Using custom architectures #2069

Open noneedanick opened 2 months ago

noneedanick commented 2 months ago

I am currently trying to train different architectures within nnUNet platform to compare with nnUNet baseline architectures. I believe it should be convenient to use same preprocessing steps before comparison. Monai platform has a lot of capability to create most recent architectures without effort. So following the so called "Quick and dirty" methods I just created a custom trainer class but I am not sure this alone is sufficient to train with nnUNetv2_train function (with -tr UNETRTrainer). I would be grateful for any ideas and help. Here is my class:


from nnunetv2.training.nnUNetTrainer.nnUNetTrainer import nnUNetTrainer
from nnunetv2.utilities.plans_handling.plans_handler import PlansManager
from monai.networks.nets import UNETR
from nnunetv2.utilities.label_handling.label_handling import determine_num_input_channels
import torch
from torch import nn
from torch.nn.parallel import DistributedDataParallel as DDP
from typing import Union, Tuple, List

class UNETRTrainer(nnUNetTrainer):
    def __init__(
        self,
        plans: dict,
        configuration: str,
        fold: int,
        dataset_json: dict,
        unpack_dataset: bool = True,
        device: torch.device = torch.device("cuda"),
    ):
        super().__init__(plans, configuration, fold, dataset_json, unpack_dataset, device)
        self.plans_manager = PlansManager(plans)
        self.configuration_manager = self.plans_manager.get_configuration(configuration)
        self.enable_deep_supervision = False
        self.dataset_json = dataset_json
        ### Some hyperparameters for you to fiddle with
        self.initial_lr = 1e-2
        self.weight_decay = 3e-5
        self.oversample_foreground_percent = 0.33
        self.num_iterations_per_epoch = 250
        self.num_val_iterations_per_epoch = 50
        self.num_epochs = 500
        self.current_epoch = 0
        self.enable_deep_supervision = True

        ### Dealing with labels/regions
        self.label_manager = self.plans_manager.get_label_manager(dataset_json)

    def initialize(self):
        if not self.was_initialized:
            self.num_input_channels = determine_num_input_channels(self.plans_manager, self.configuration_manager,
                                                                   self.dataset_json)

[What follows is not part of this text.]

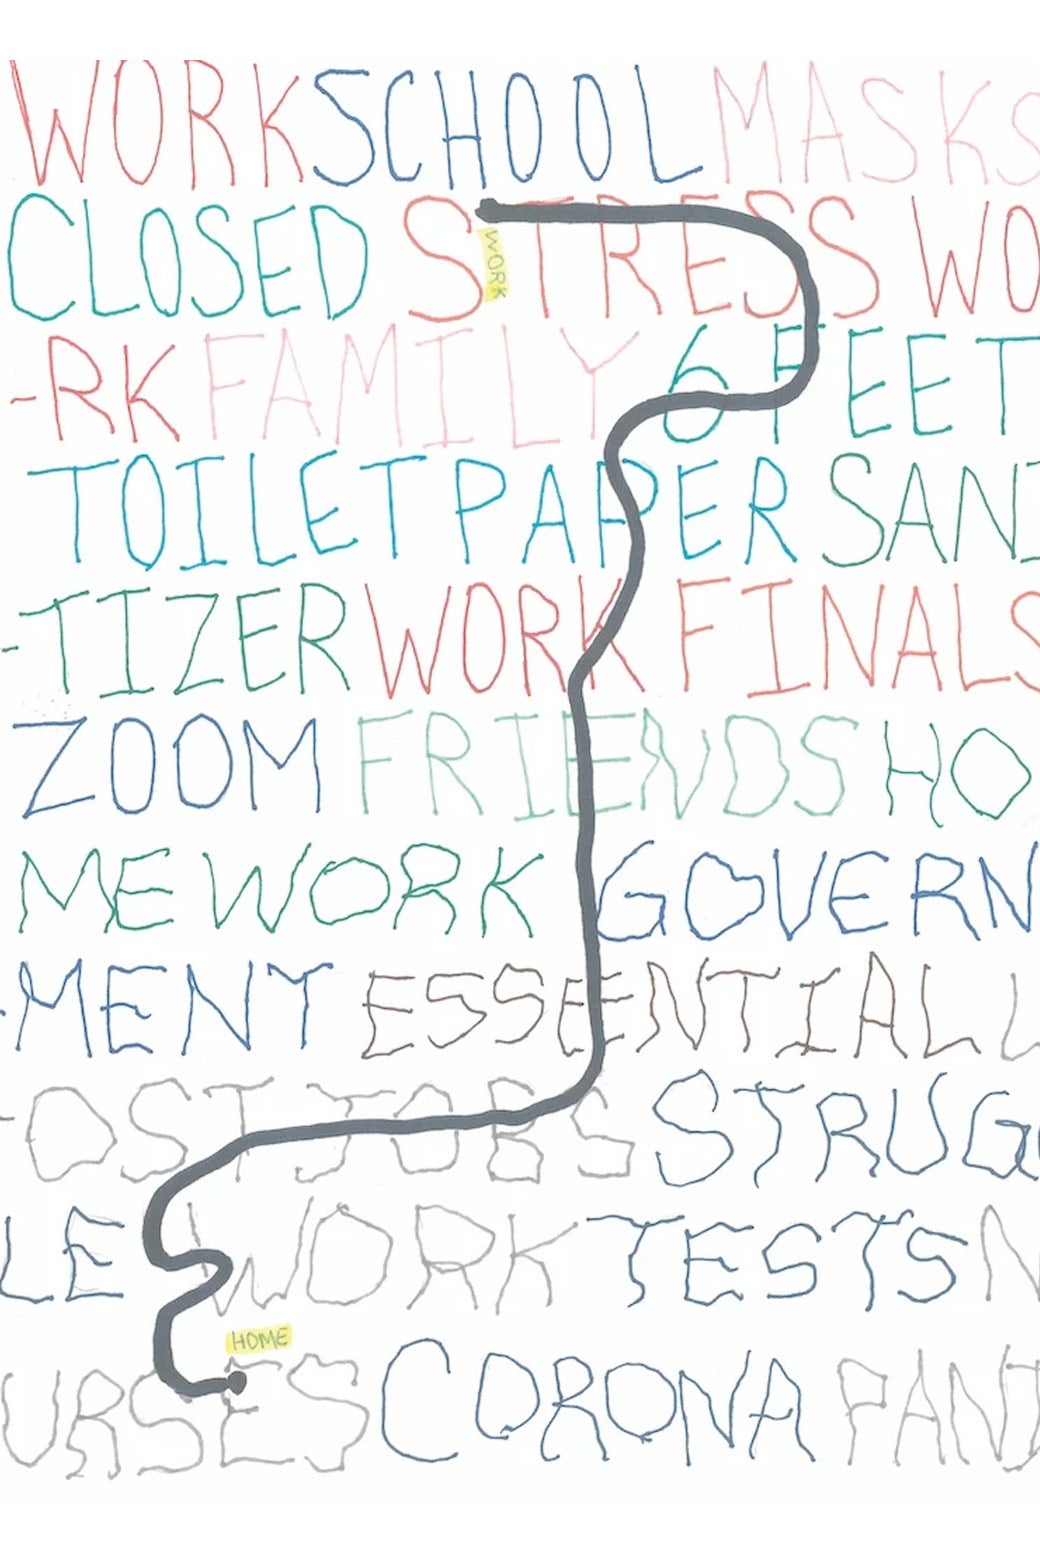 A black line superimposed on words reading: "WORK SCHOOL MASKS CLOSED STRESS WORK FAMILY 6 FEET TOILET PAPER SANITIZER WORK FINALS ZOOM FRIENDS HOMEWORK GOVERNMENT ESSENTIAL LOST JOBS STRUGGLE WORK TESTS NURSES CORONA PANIC”
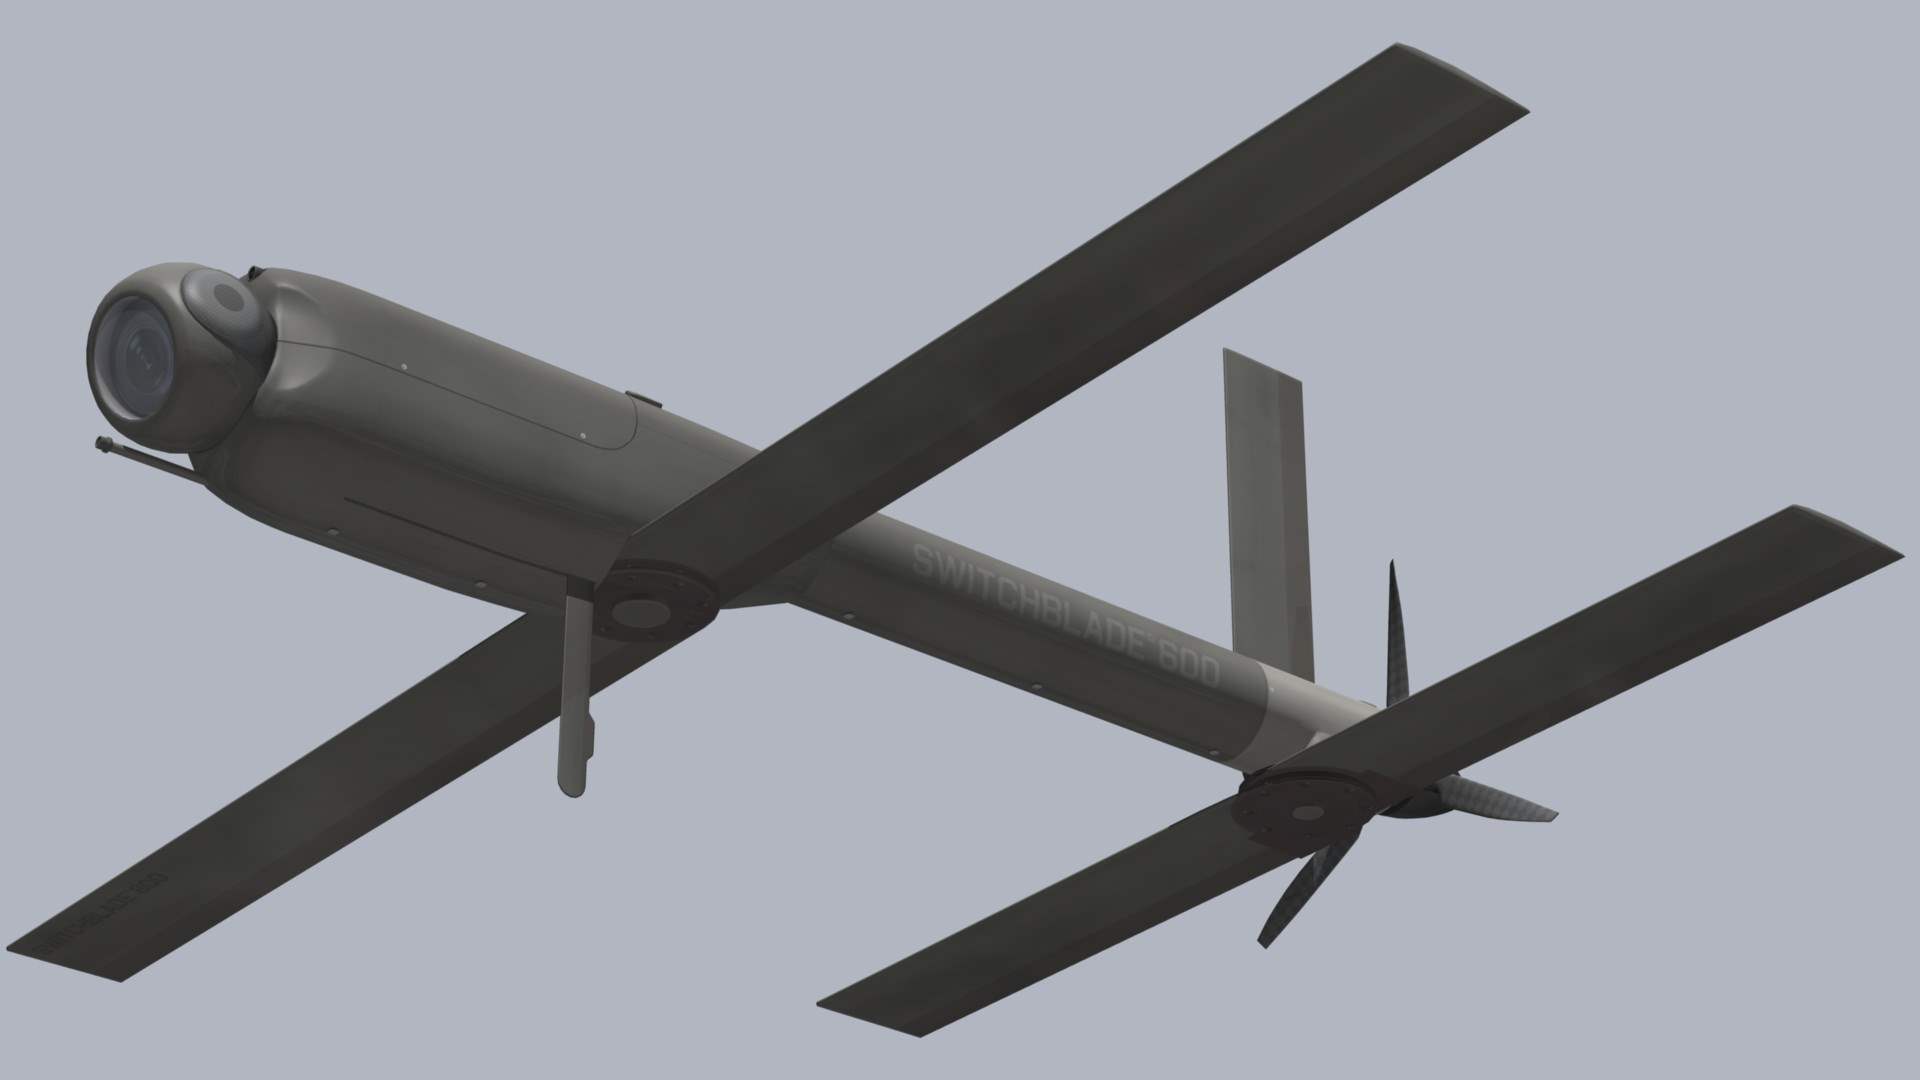 Israeli Broadcasting Authority: Israel requests purchase of 200 suicide drones, Switchblade 600 model

            self.network = self.build_network_architecture(
                self.configuration_manager.network_arch_class_name,
                self.configuration_manager.network_arch_init_kwargs,
                self.configuration_manager.network_arch_init_kwargs_req_import,
                self.num_input_channels,
                self.label_manager.num_segmentation_heads,
                self.enable_deep_supervision
            ).to(self.device)
            # compile network for free speedup
            if self._do_i_compile():
                self.print_to_log_file('Using torch.compile...')
                self.network = torch.compile(self.network)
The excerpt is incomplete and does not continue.